I was pretty open about it on social media.
So people at that party knew that we were expecting.
and it was very early, obviously.
And that was stressful because I was still
in so much disbelief and shock.
And there was these people that were just so excited for us
and making comments about it.
And I remember telling a family member,
maybe not on July 4th, but soon after,
like I'm not really ready to celebrate this.
Like I'm glad you know and we're excited,
but let's just see how the next couple of weeks goes.
Because that's where I was.
And the disbelief and the shock was definitely stronger
this time than with the first.
I think just because it took so long to get there
and to get pregnant and then I now had three losses
in my past, it was a hard time.
I was very anxious.
I was very worried about was this gonna work out?
Is this gonna stick?
What is this gonna mean?
Now I have this daughter who was aware
that we were pregnant and she was going to bed every night
praying that this baby was gonna keep growing
and be healthy and be turned into a baby in her arms too.
Yeah, it was a lot.
So early on being that it was an embryo transfer,
we worked with our IVF clinic,
we did go to some follow-up appointments.

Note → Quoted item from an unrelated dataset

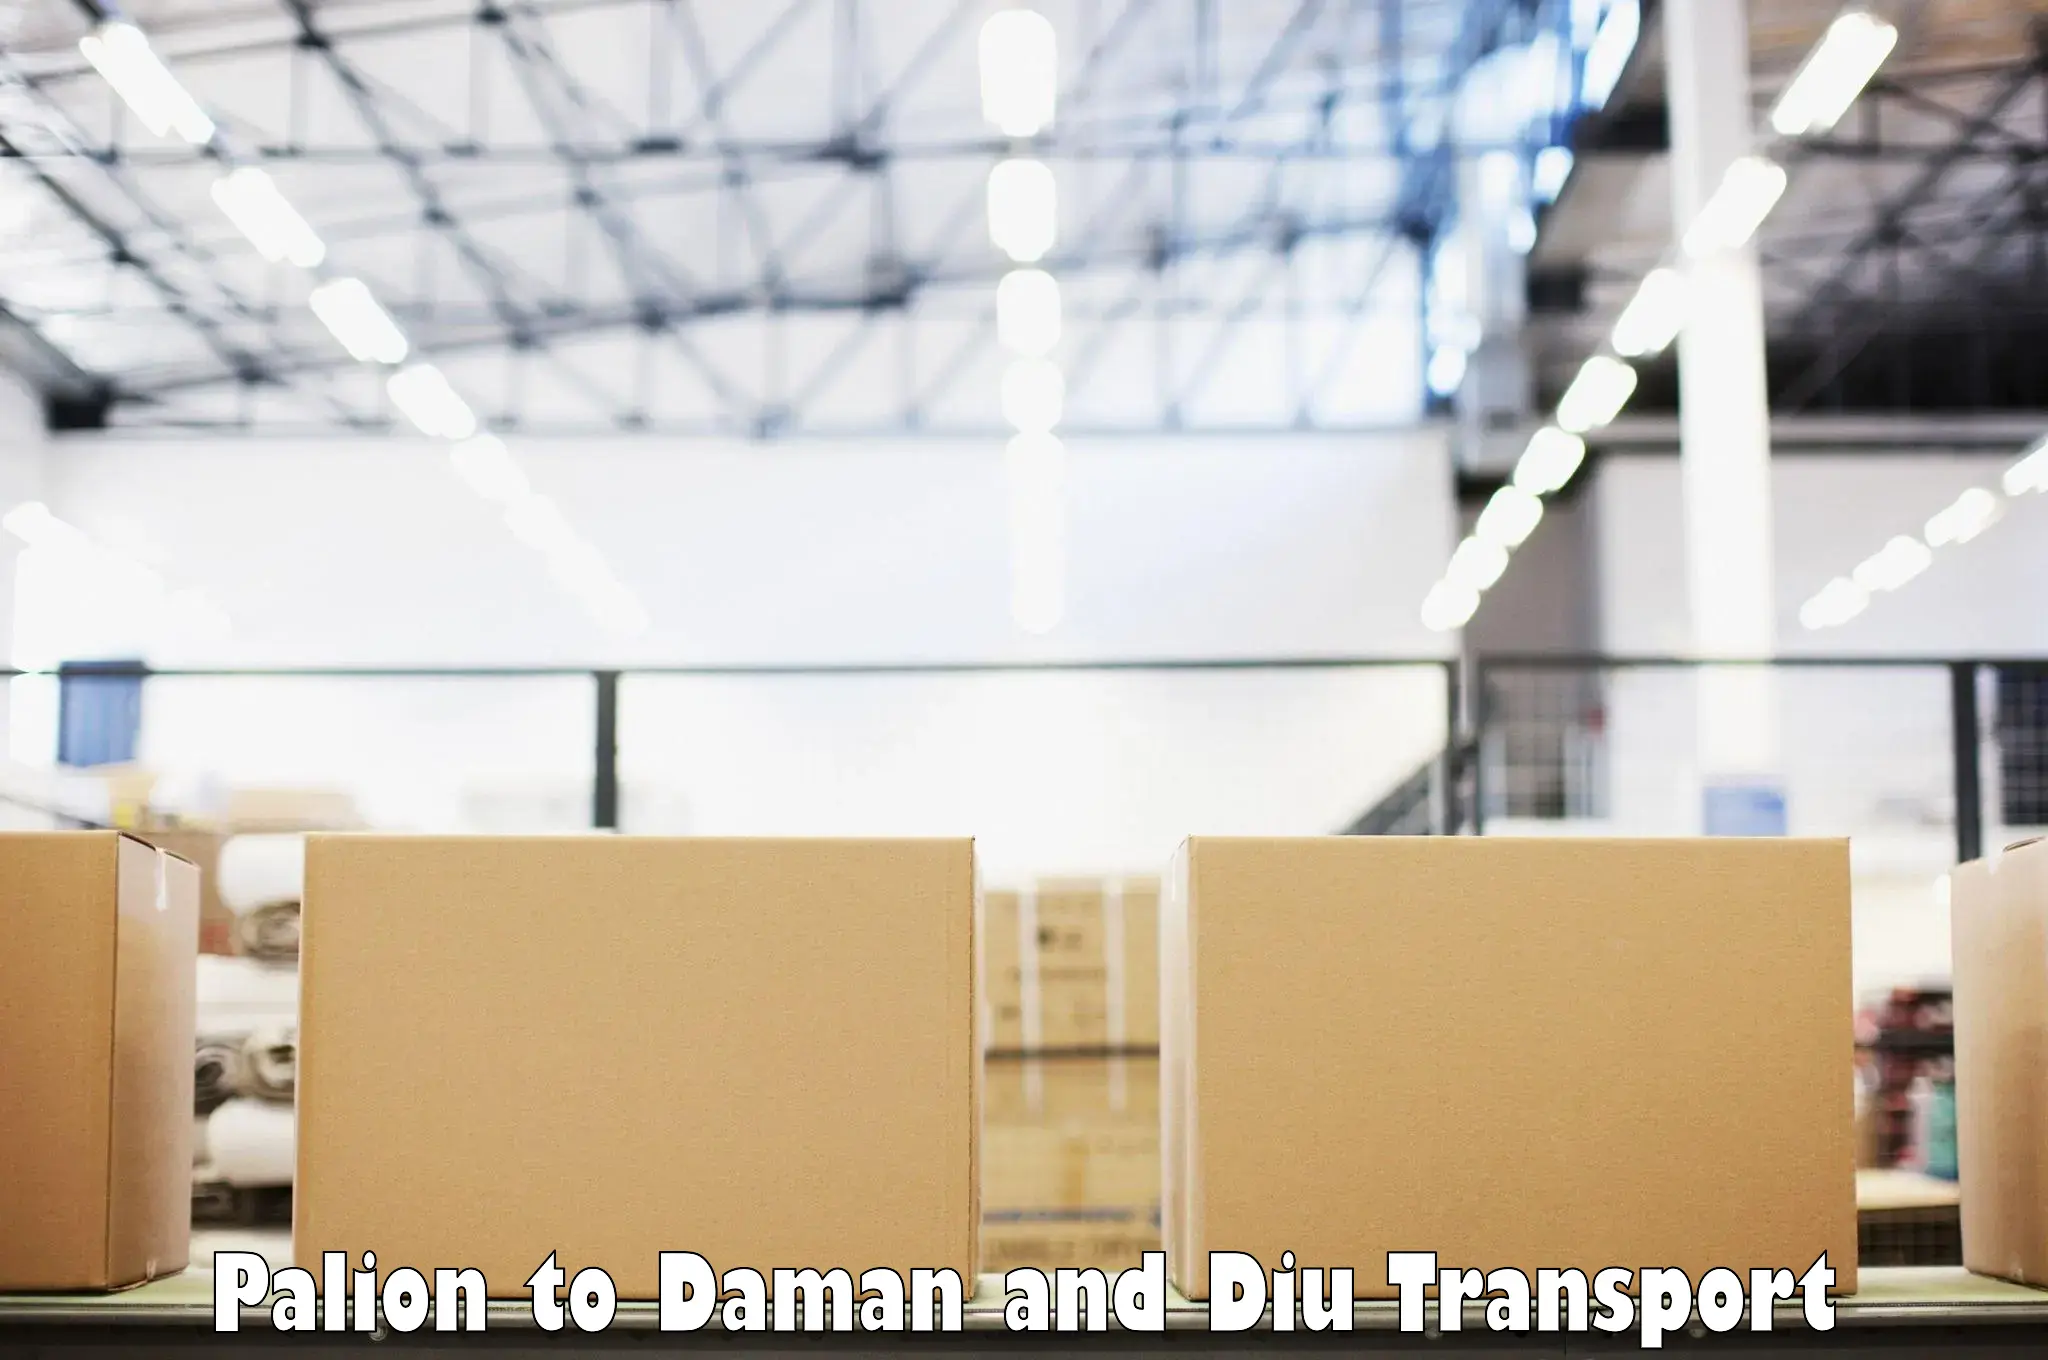 Two wheeler parcel service Palion to Daman and Diu

I remember you compare your treatment plan to others
that share their treatment plan online.
And so I felt like they made us wait a little bit longer
for that first ultrasound.
So that was real stressful.
I think our first ultrasound was around eight weeks.

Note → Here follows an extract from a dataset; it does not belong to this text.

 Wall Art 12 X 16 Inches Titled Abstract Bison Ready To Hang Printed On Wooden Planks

And things looked good there,
and the labs did increase for the three times
that they checked the HCG levels.
And at the time I was being really active and exercising
and feeling really good.
And yeah, just trying to hope for the best.
And I remember at the time I was kind of finishing up
working with one of my own coaches.
And we have talked so much about infertility in the past.
I've actually been daydreaming recently
about having her on the podcast,
which I may do in the future.
But I was talking to her
and one of the things I shared with her was,
I'm in disbelief, I'm excited, I'm happy, I'm grateful.
But I actually think I'm doing better
than I expected I would being at this point in a pregnancy.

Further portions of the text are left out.